Dengan anak-anak yang berkualitas baik fisik maupun kecerdasan, menjadi jaminan majunya
sebuah Negara di masa depan. Untuk menjadi sumber daya manusia yang berkualitas di masa
depan, seorang anak harus dapat tumbuh dan berkembang secara optimal.

Tumbuh kembang merupakan proses yang berkesinambungan, spesifik dan unik yang
terjadi mulai saat konsepsi di masa kehamilan sampai dewasa. Ada beberapa tahap yang harus
dilewati selama proses tumbuh kembang berlangsung. Tercapainya tumbuh kembang yang
optimal membutuhkan adanya interaksi yang baik antara faktor genetik dan lingkungan. Kedua
faktor tersebut harus dapat memenuhi semua kebutuhan anak untuk dapat mencapai tahapan
tumbuh kembang yang optimal.

Pengetahuan tentang proses tumbuh kembang anak sangat diperlukan bagi kita tenaga
kesehatan untuk dapat mengawal proses tumbuh kembang tersebut, sehingga dapat mewujudkan
generasi masa depan Indonesia yang berkualitas.

Proses tumbuh kembang

Pertumbuhan adalah perubahan yang bersifat kuantitatif, yaitu bertambahnya jumlah dan ukuran
sel, orgamaupun individu. Hasil dari pertumbuhan antara lain adalah tinggi badan dan berat
badan. Berbeda dengan pertumbuhan, perkembangan adalah perubahan yang bersifat kualitatif,
yaitu bertambahnya kemampuan dan fungsi tubuh menjadi lebih kompleks dalam pola yang
teratur dan dapat diramalkan, yang merupakan hasil akhir dari maturitas sel ataupun organ. Hasil
dari perkembangan antara lain kognitif, motorik kasar dan halus, dan bahasa.1,2

Ciri-ciri tumbuh kembang menurut Hurlock adalah:

1. Perkembangan melibatkan perubahan;


2. Perkembangan awal lebih kritis;
3. Perkembangan adalah hasil maturasidan proses belajar;
4. Pola perkembangan dapat diramalkan;
5. Pola perkembangan mempunyai karakteristik yang dapat diramalkan;
6. Terdapat perbedaan individu dalam perkembangan;
7. Terdapat periode/tahapan dalam pola perkembangan;
8. Terdapat harapan sosial untuk setiap periode perkembangan;
9. Setiap area perkembangan mempunyai potensi risiko.

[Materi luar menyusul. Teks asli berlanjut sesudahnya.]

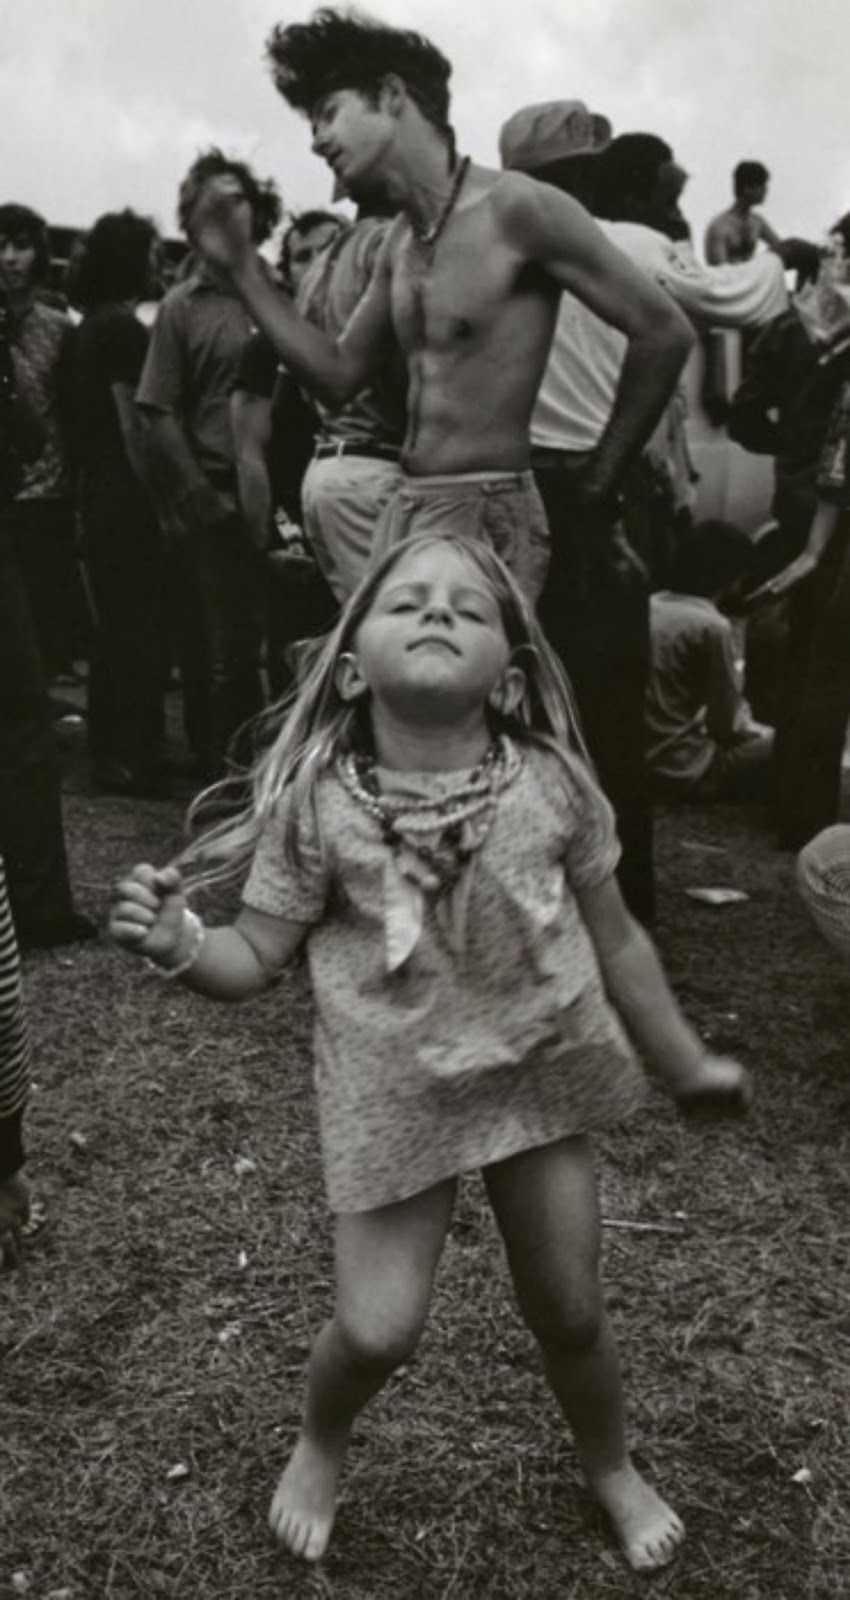 ... Hippie Girl Dancing at a Festival in New Orleans, Louisiana, 1972

Tabel 1. Tahap-tahap tumbuh kembang anak2

Tahapan Usia
1. Masa prenatal
a. Masa zigot Konsepsi-2 minggu
b. Masa embrio 2 minggu-8/12 minggu
c. Masa janin 9/12 minggu-lahir
2. Masa bayi (infant)
a. Masa neonatal Usia 0-28 hari
b. Masa bayi Usia 29 hari-1 tahun
3. Masa anak dini (toddler) Usia 1-3 tahun
4. Masa prasekolah Usia 3-6 tahun
5. Masa sekolah Usia 6-18 tahun
a. Masa praremaja Usia 6-11 tahun
b. Masa remaja dini Usia 11-13 tahun
c. Masa remaja tengah Usia 14-17 tahun
d. Masa remaja lanjut Usia 18-20 tahun
Sumber: UKK Tumbuh kembang Pediatri sosial

Kebutuhan dasar anak untuk mencapai tumbuh kembang yang optimal meliputi:1

1. Kebutuhan fisik-biomedis (Asuh)

Meliputi nutrisi/pangan, rumah, pakaian, kesehatan, imunisasi, rekreasi dan lain-lain.

2. Kebutuhan emosi/kasih saying (Asih)

Meliputi pemberian kasih saying dan perhatian.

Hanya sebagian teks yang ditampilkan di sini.